The notices all said that the recalls were initiated over “insanitary conditions, including rodent exposure/activity in their distribution center.” While the recalls of the product are ongoing, Gold Star initiated the action on Dec. 26, 2025, and the FDA posted the notices on Jan. 14.
In the notices, the FDA said that the recalls were upgraded to Class II, or second out of a three-tier system, which the agency defines as a “situation in which use of or exposure to a violative product may cause temporary or medically reversible adverse health consequences or where the probability of serious adverse health consequences is remote.”
Other products, which are not over-the-counter medications, that were distributed by Gold Star are also under recall, according to a slew of notices posted by the agency on Jan. 14.
Several types of Colgate toothpaste, Axe Body Spray in different varieties, Vaseline products, Lucky Ice mouthwash, Personal Care Vaporizing Chest Rub, Carmex products, Personal Care Ice Gel, and Swan White Clear Alcohol are under recall, according to the notices. The FDA also classified those as Class II for the same sanitary-related reason at the distribution center.
An FDA-issued news release from Gold Star about the recall in late December stated that bird and rodent feces were discovered at the facility. Affected products include medical devices, drugs, human food, pet food, and cosmetic products, the agency said. The products were distributed in more than 50 stores, nearly all of them in the Minneapolis-St. Paul area.

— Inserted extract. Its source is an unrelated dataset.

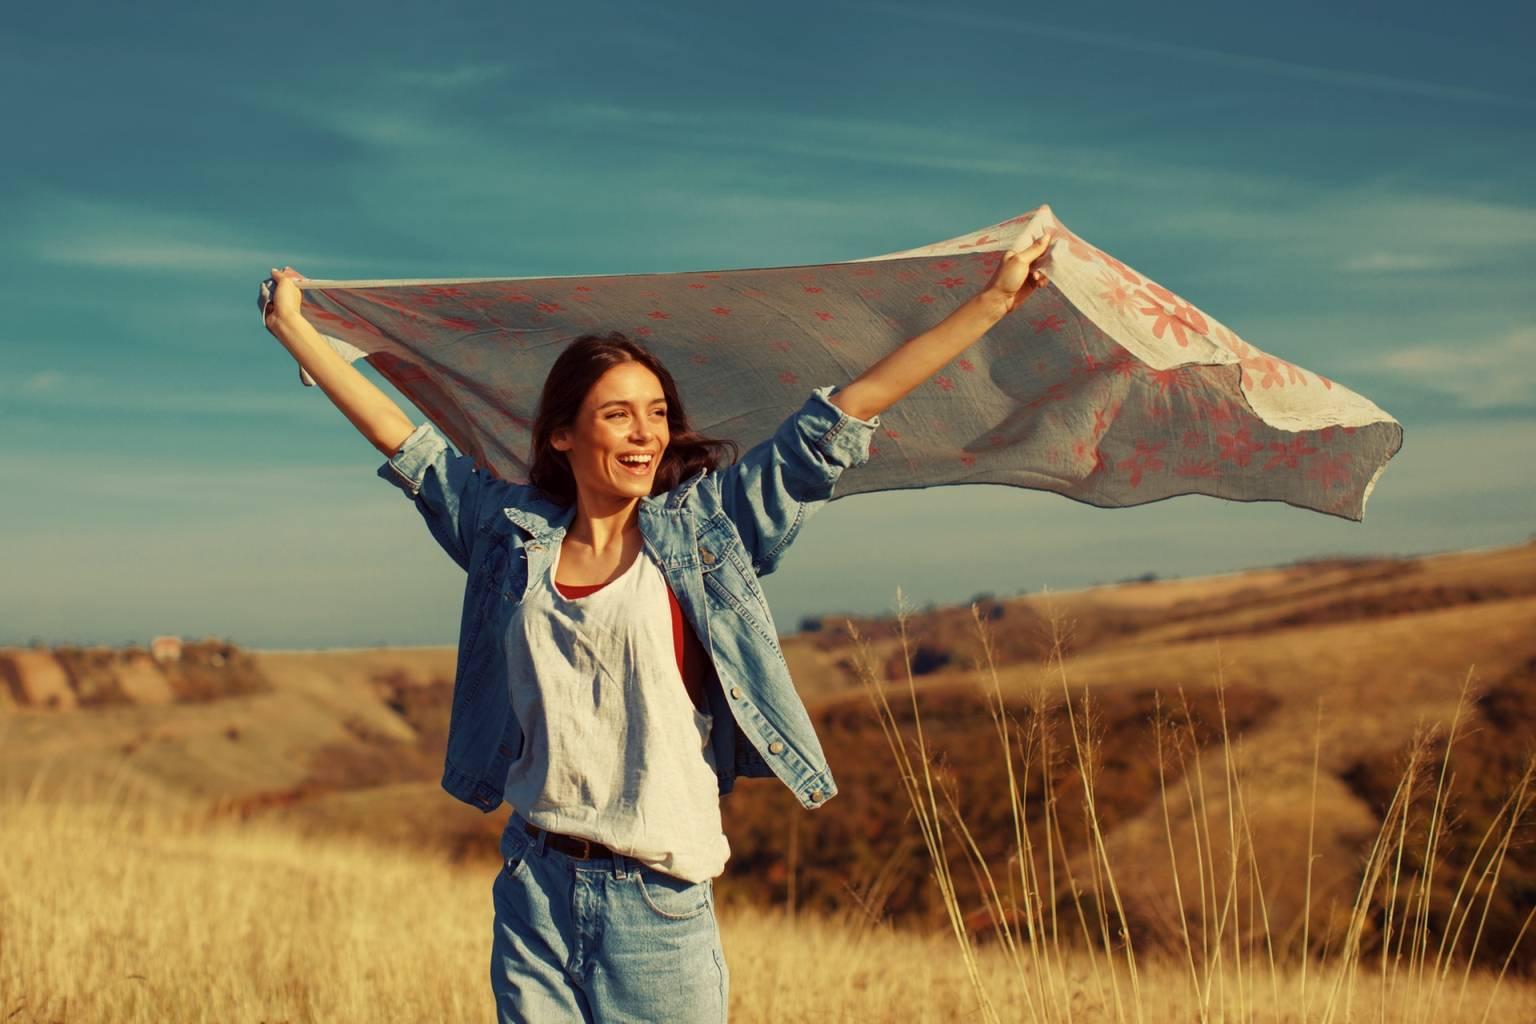 Odporność na stres - jak budować odporność psychiczną? Młoda kobieta stoi wśród łanów zbóż i unosi w górę powiewający na wietrze szal.

The reason for the recall, the company also said, is due to a “potential salmonella contamination, presence of rodent and avian contamination, and insanitary conditions during the storage process.”
People who consume or handle the products could become sickened because of “adulteration from pests, including rodents, birds and insects,” it said.
An FDA investigation discovered that Gold Star facilities harbored “rodent excreta, rodent urine, and bird droppings in areas where medical devices, drugs, human food, pet food, and cosmetic products were held,” according to the release.
No illnesses were reported when the recall notice was issued on Dec. 26.
“Consumers and retailers who purchased the affected products should destroy the products as soon as possible and verify such destruction by receipt provided to Gold Star,” the recall notice stated. “Products should not be shipped back to Gold Star under any circumstances. Gold Star will provide refunds upon request.”
Salmonella symptoms can include diarrhea, fever, vomiting, dehydration, and abdominal cramps, among others, federal health officials say. Signs and symptoms generally begin between six hours and six days after exposure and can last up to a week.
Although most people recover without medical treatment, the illness can be severe, especially for young children, older adults, and people with compromised immune systems.